29th Jun 2011 - A summary of the Greek Financial Crisis
A summary of the Greek Financial Crisis and how it could affect you.
To sum up; Greece has been spending beyond its means for 15 years. It now owes 150% of its GDP, which in real terms means it owes one and a half times its country total output per annum.
This debt to output ratio is rising all of the time. The reality is that it was fighting to pay down its deficit prior to entering into a deep and prolonged recession which made its position further untenable. It has borrowed so much money that it can only afford to pay off the interest on the sums borrowed but can only afford to pay off that part with borrowed money, so its caught in a trap. Having passed the much dreaded additional austerity measures the harder part will be the implementation, which however you look at it will damage the economy further making it even more difficult to repay the loans.
As Greece cannot and will never be able to pay down the capital sum it is inevitable that it will default at some point in the future.This is the point. The question is not whether Greece defaults but when it will default. The markets have quite rightly responded positively. There are two trains of thought:One, we let them default now. This is what the markets want to avoid. If Greece defaulted now, it would mean the European Central Bank (ECB) and many international Banks (including UK banks) losing significant sums of money at a time when many of them are still rebuilding their balance sheets after the last crash and also fighting to increase internal liquidity to meet new capital adequacy requirements imposed on them by the regulatory authorities. The markets would push up the interest rates on other debt such as Ireland, Portugal, Italy and even the UK, though this is less likely.

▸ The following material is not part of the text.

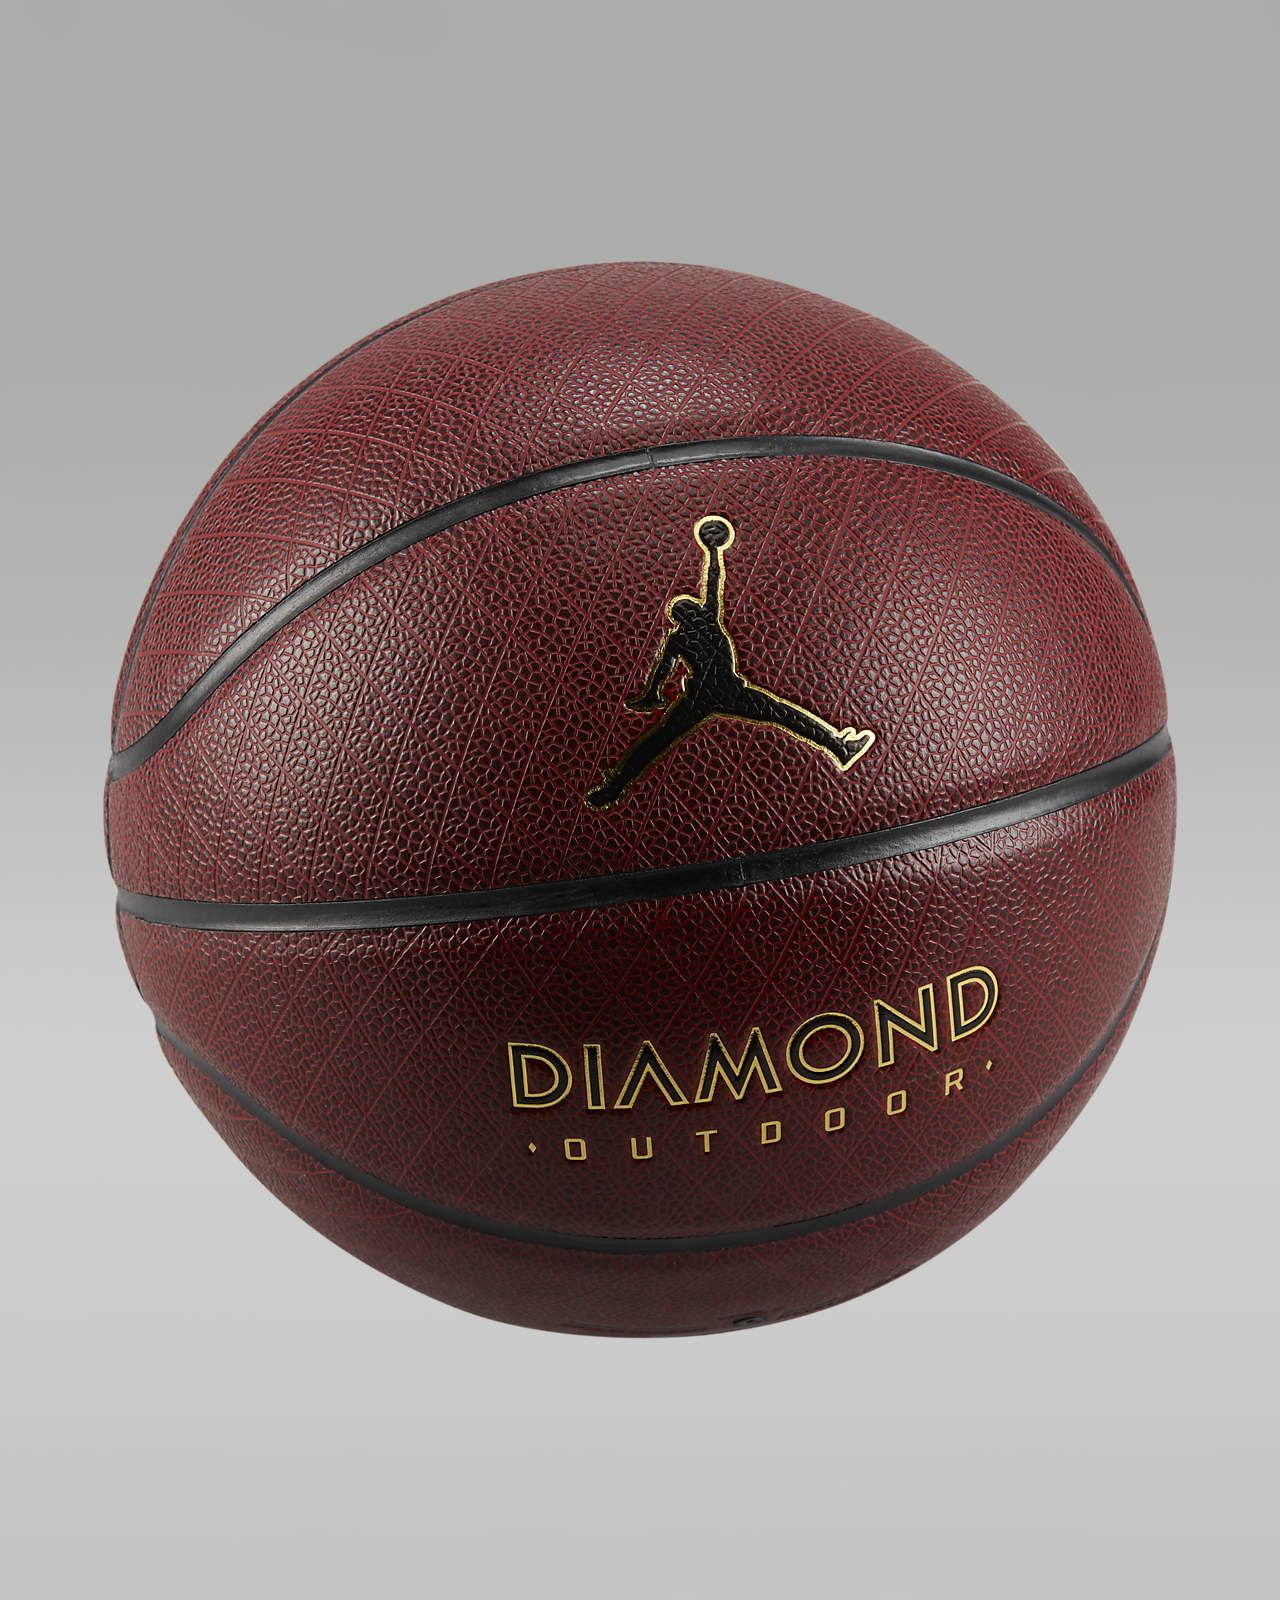 Jordan Diamond Outdoor 8P 篮球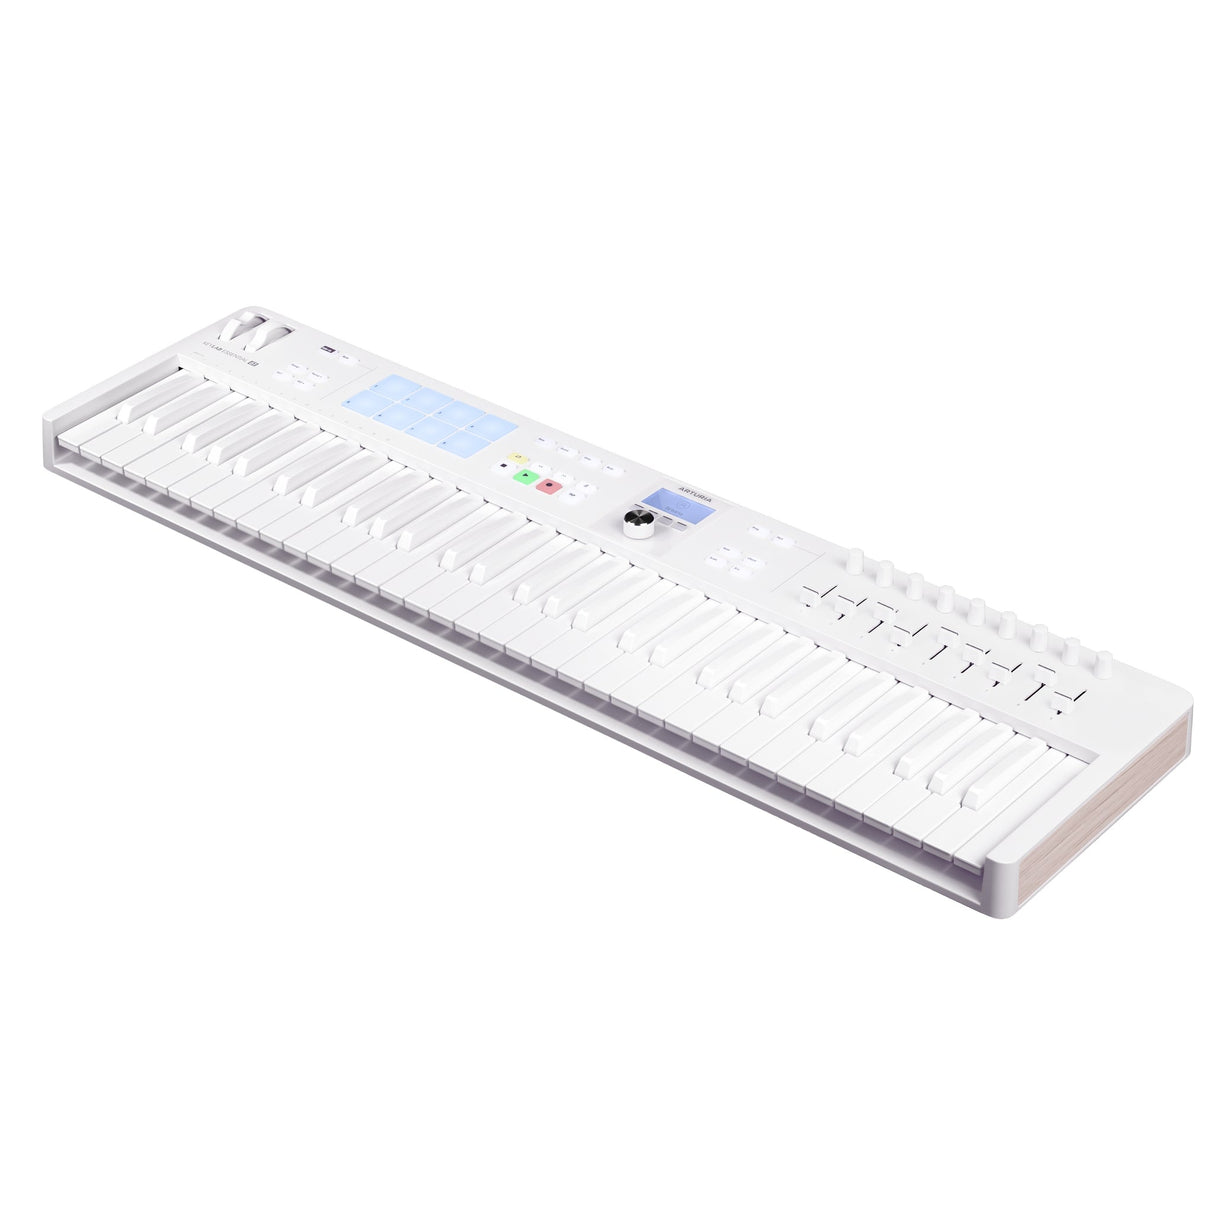 Arturia KeyLab Essential 61 mk3 61-Note MIDI Keyboard Controller, Alpine White

This would likely mean a Credit Crunch II as the banks would not be able to lend and the negligible increases in domestic lending would be wiped out; the economy could well slide back into a shallow recession and all that comes with that. We have all been there; we know how that felt.Secondly, we let them default further down the line. This is what the markets pretty much expect. This whole process has been about buying time and pushing the eventual fall-out to a time when the economy is more affluent. If we allow them to default further down the line when the global economy can absorb such an impact contagion is a lot less likely. The idea is that further down the line the banks will be in a better position to allow a structured default. I.e. they will be able to part write-off some of the loans to allow Greece to reduce the capital sum. This could be a loan for 50 years or so. At the moment they are not able to do this as the banks can’t afford to. If Greece defaults after four years or so we the UK shouldn't feel the pain. The markets will jitter but will recover within months.
This is a world of many thoughts; what’s yours.